The lines from the one containing "Antique Heriz Carpet 3.41m x 2.42m" through the final line of the listing below are what the answer must repeat, exactly and only, leaving pictures out.

Given material:
------------------------------------------------------------

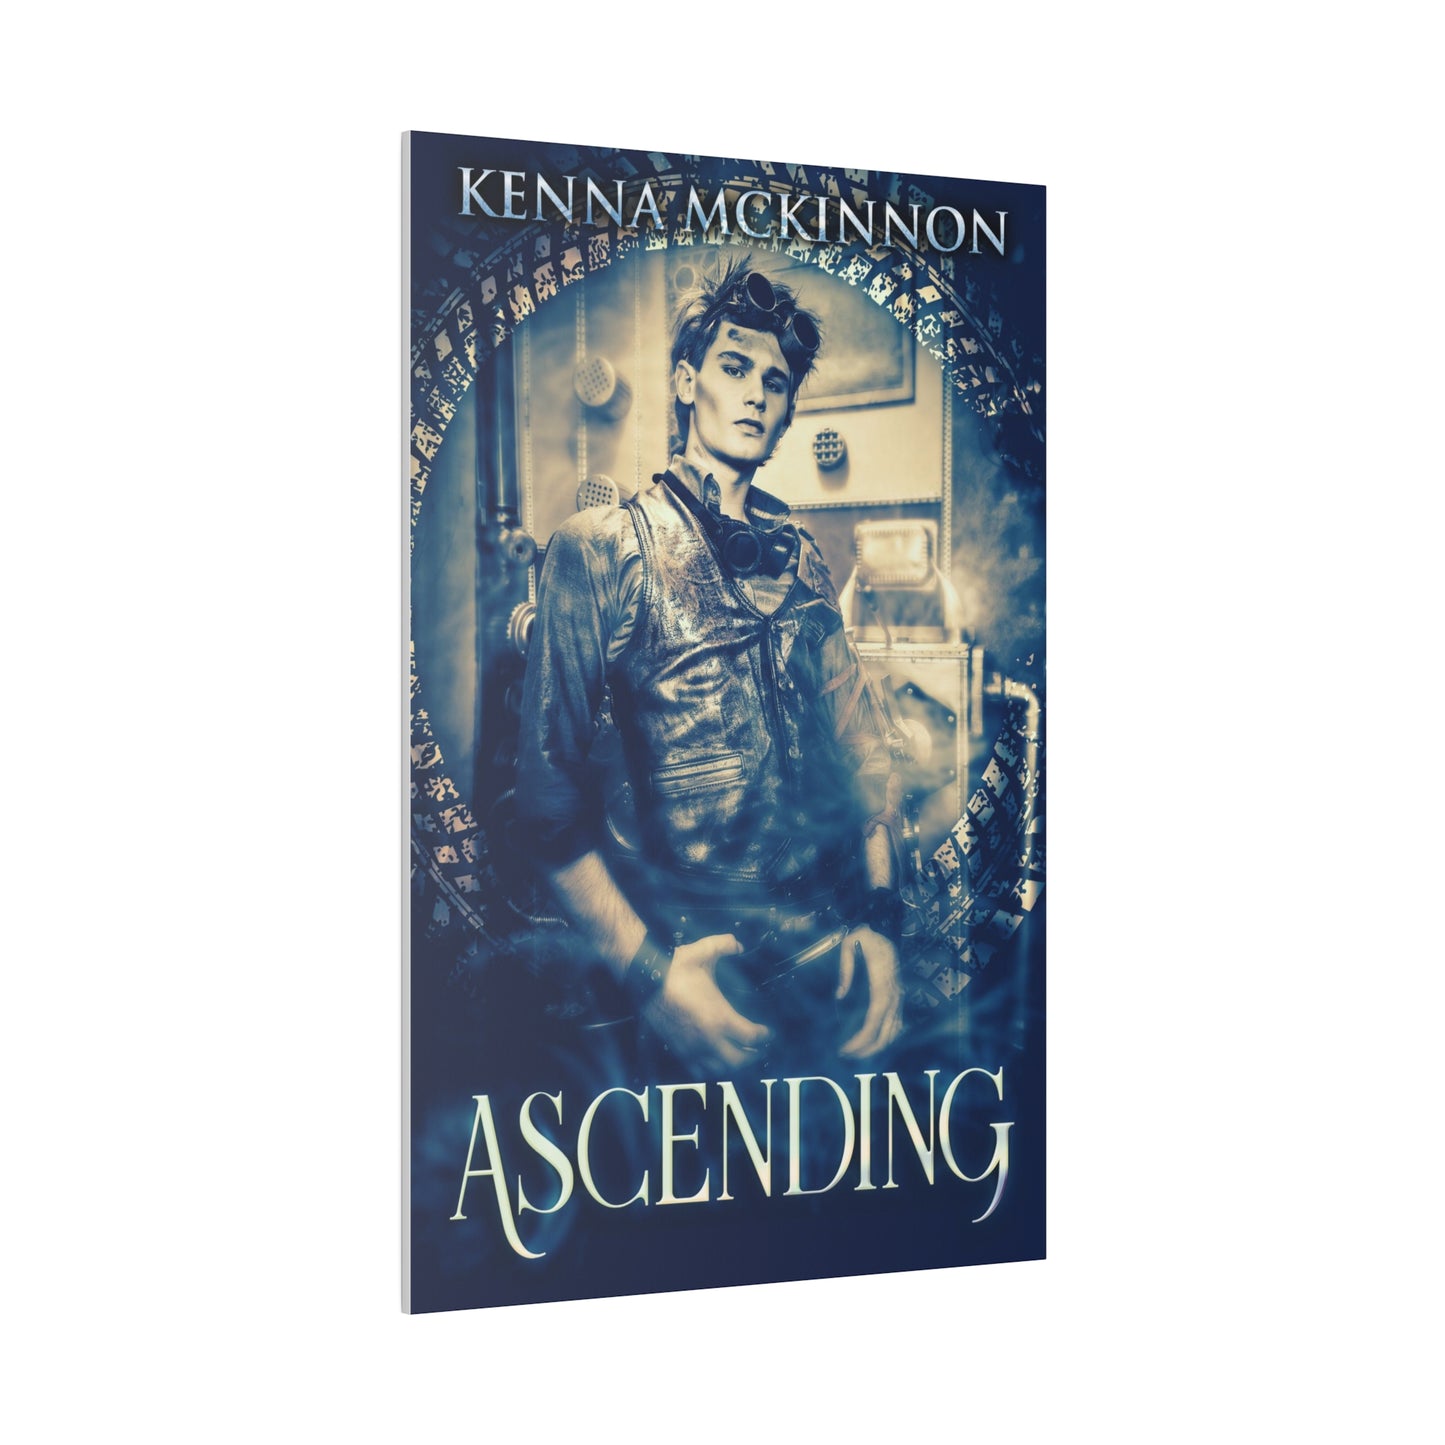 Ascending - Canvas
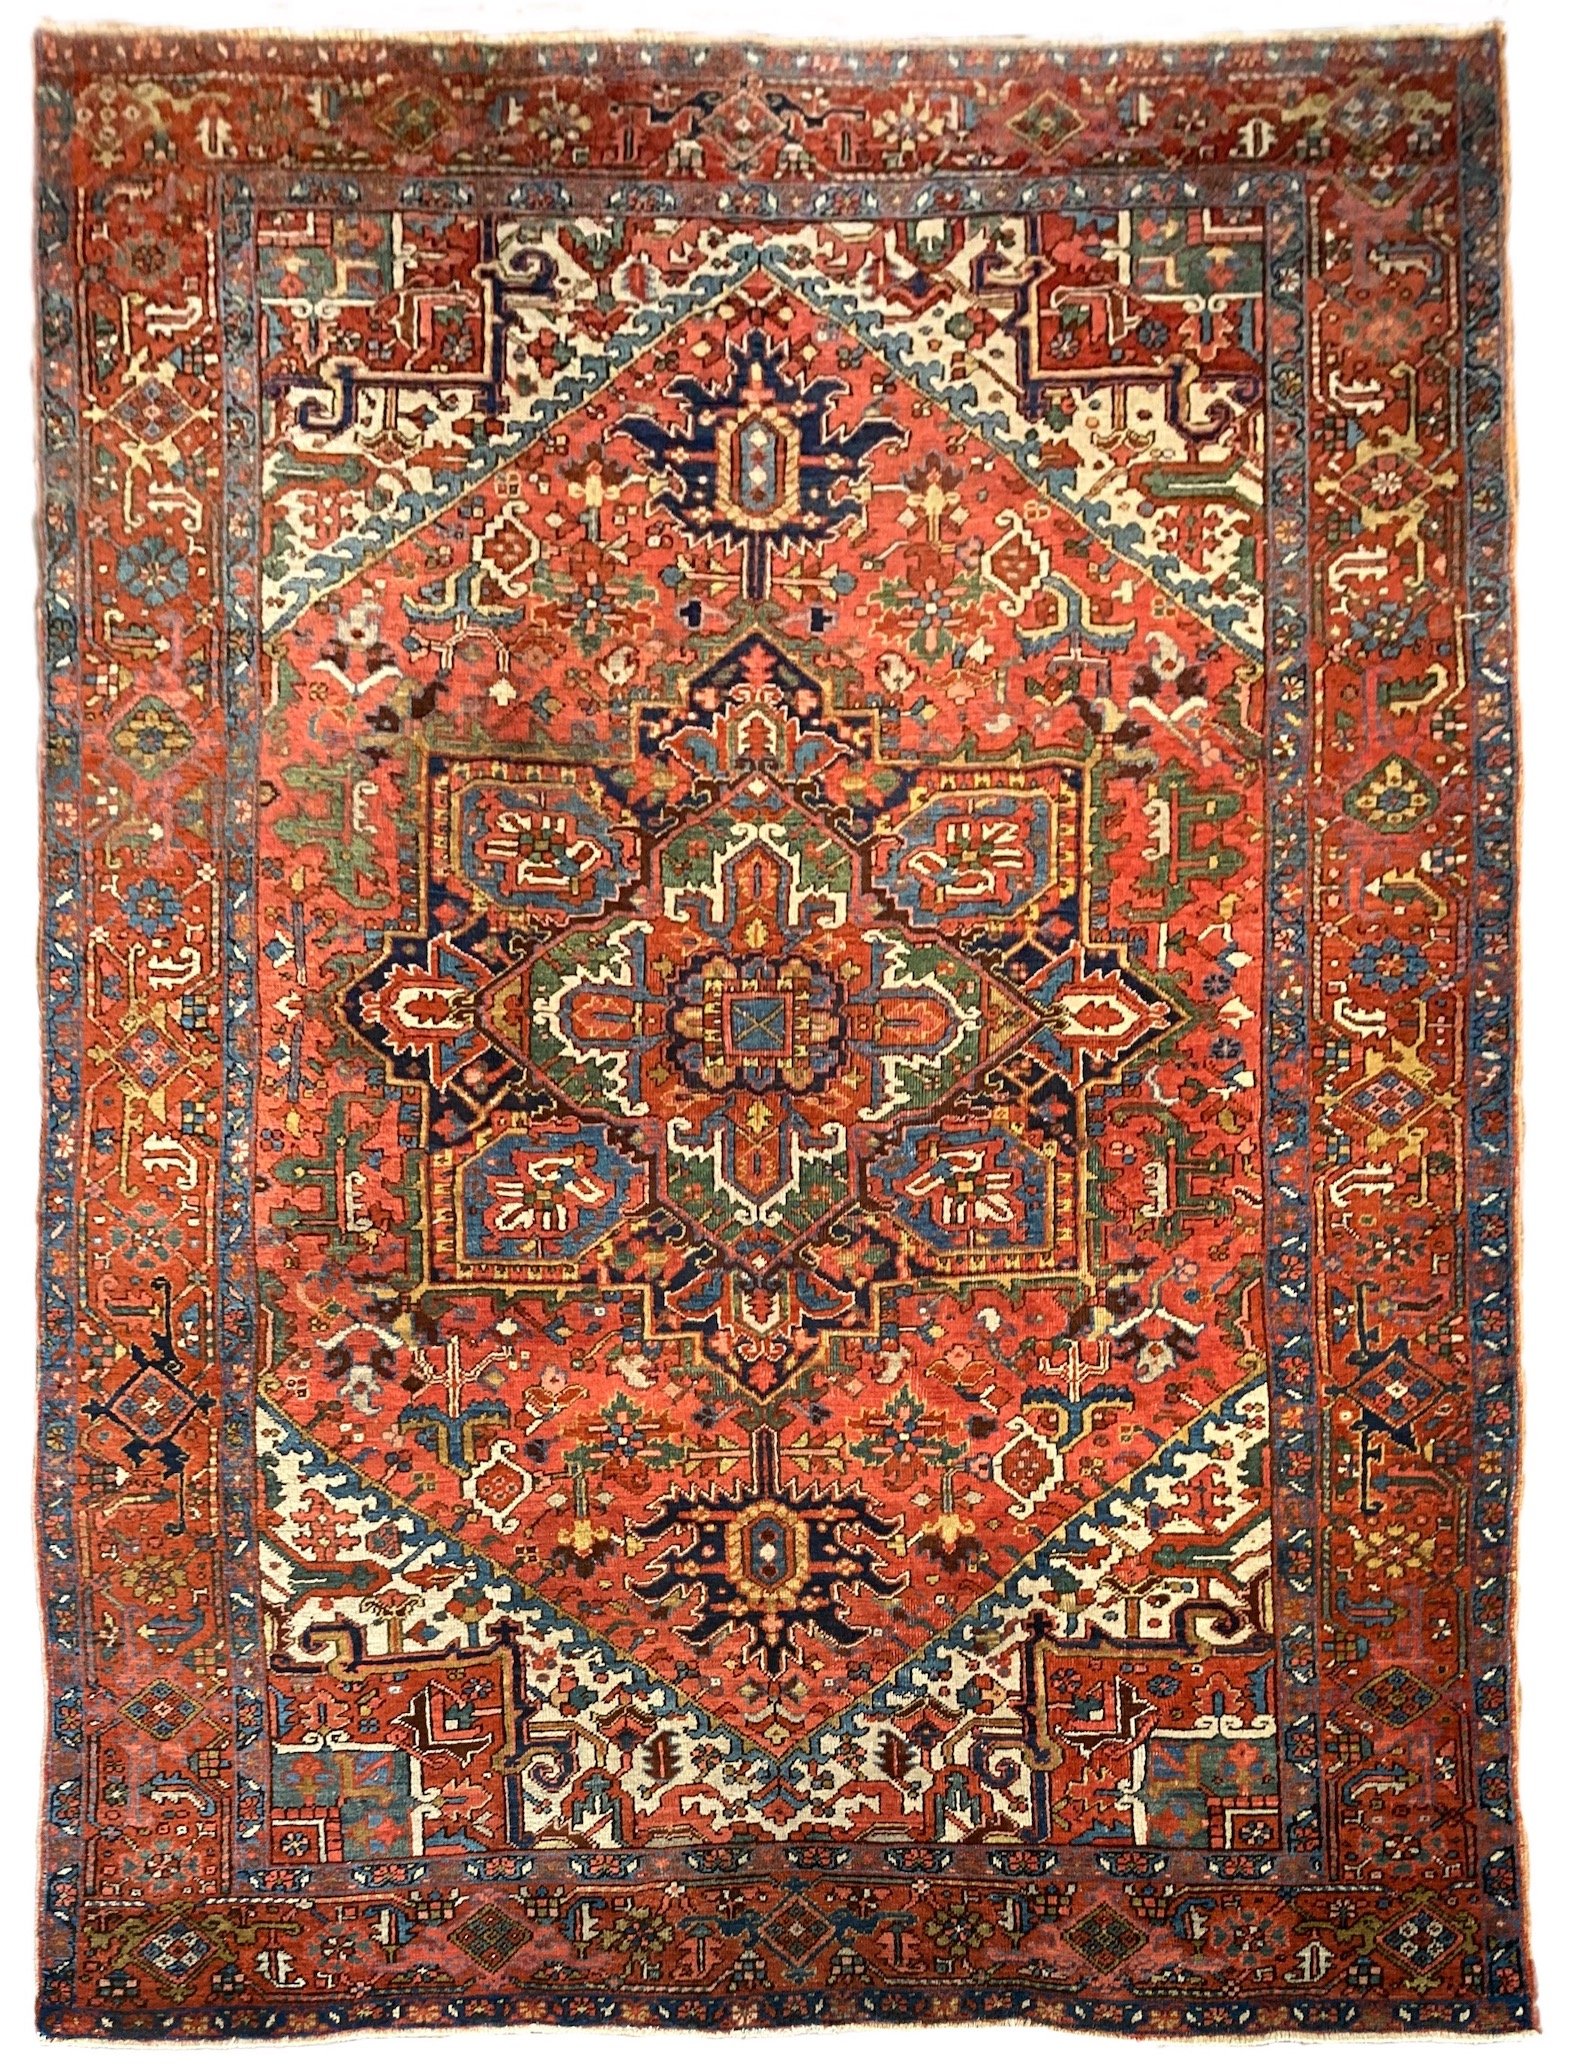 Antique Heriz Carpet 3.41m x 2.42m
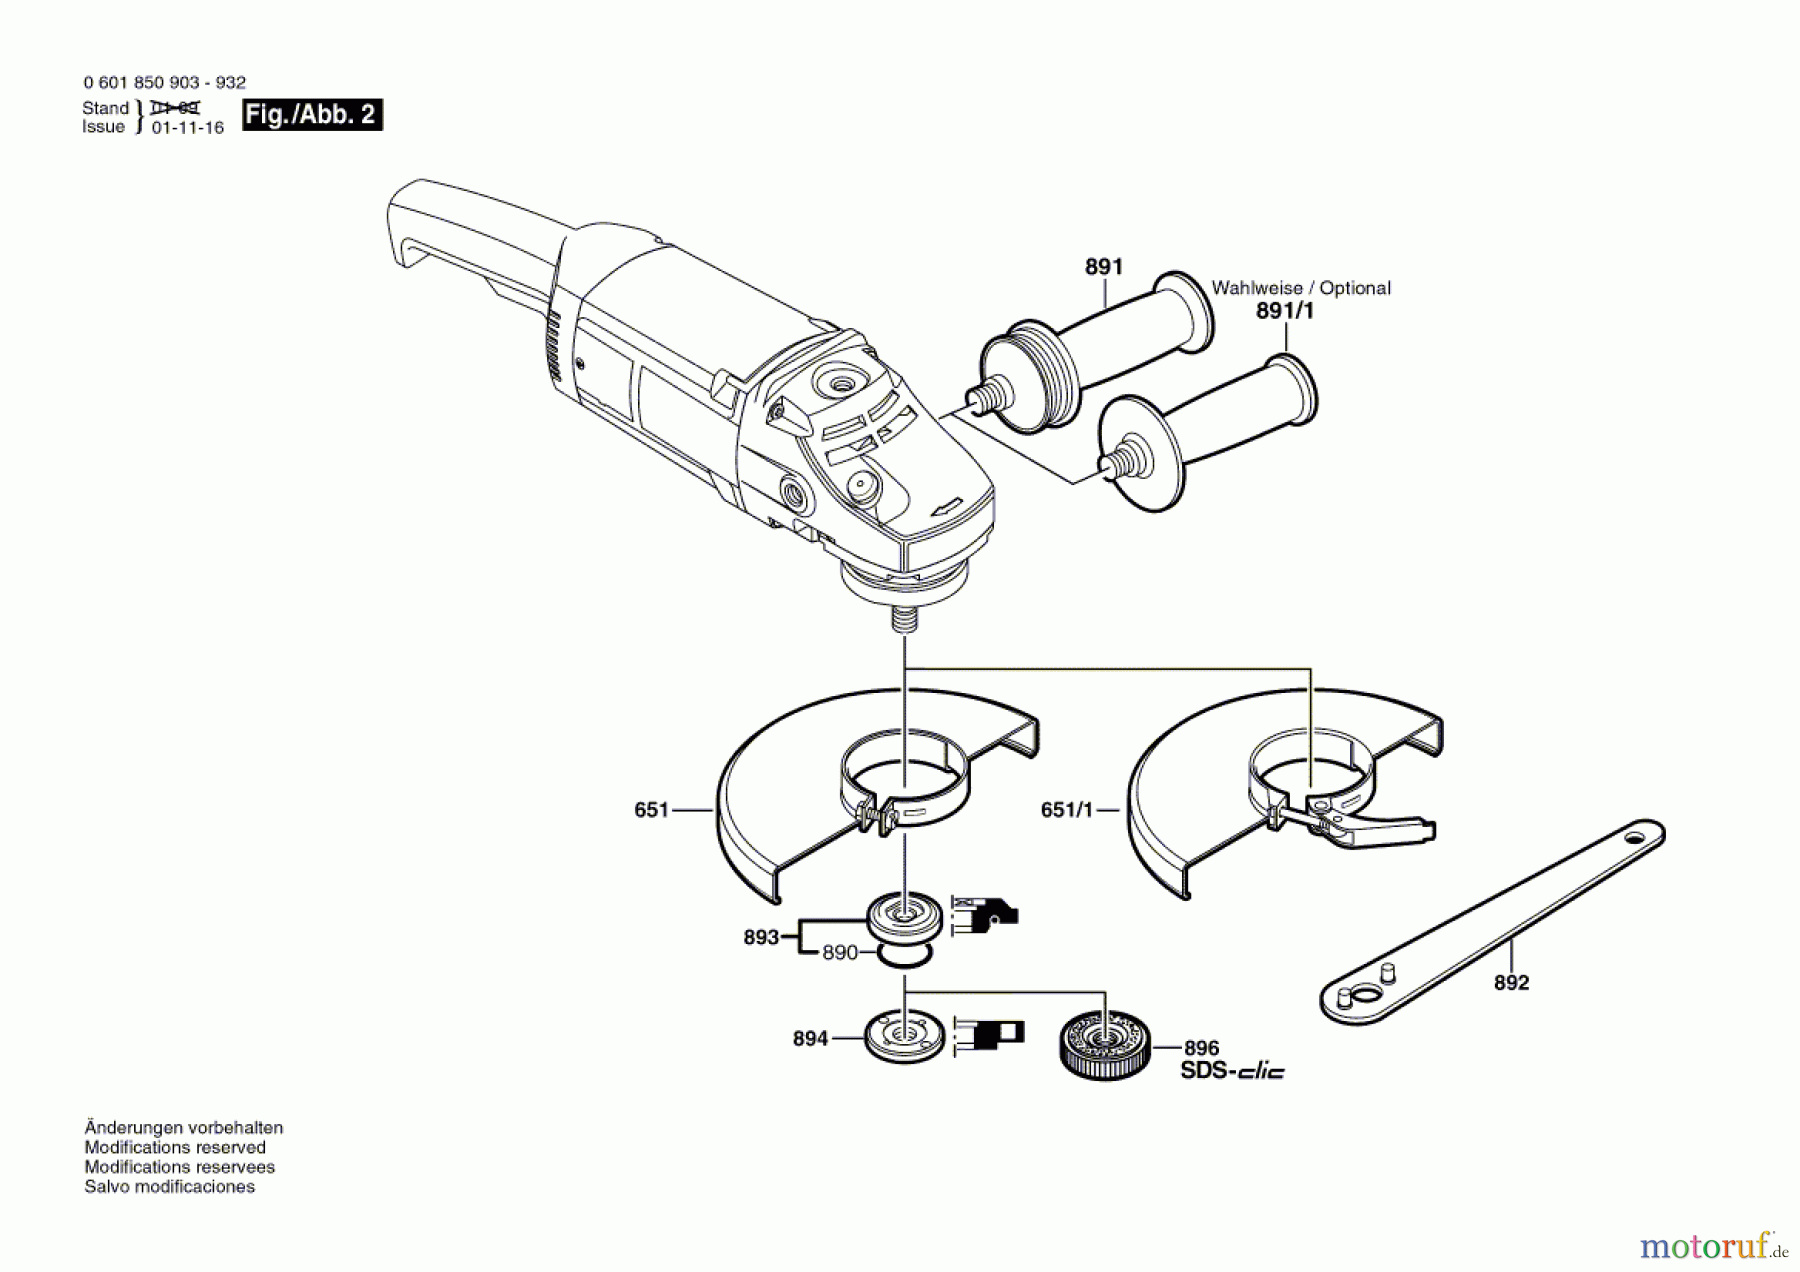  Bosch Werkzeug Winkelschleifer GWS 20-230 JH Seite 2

------------------------------------------------------------

Answer to this problem:
 Antique Heriz Carpet 3.41m x 2.42m
  Bosch Werkzeug Winkelschleifer GWS 20-230 JH Seite 2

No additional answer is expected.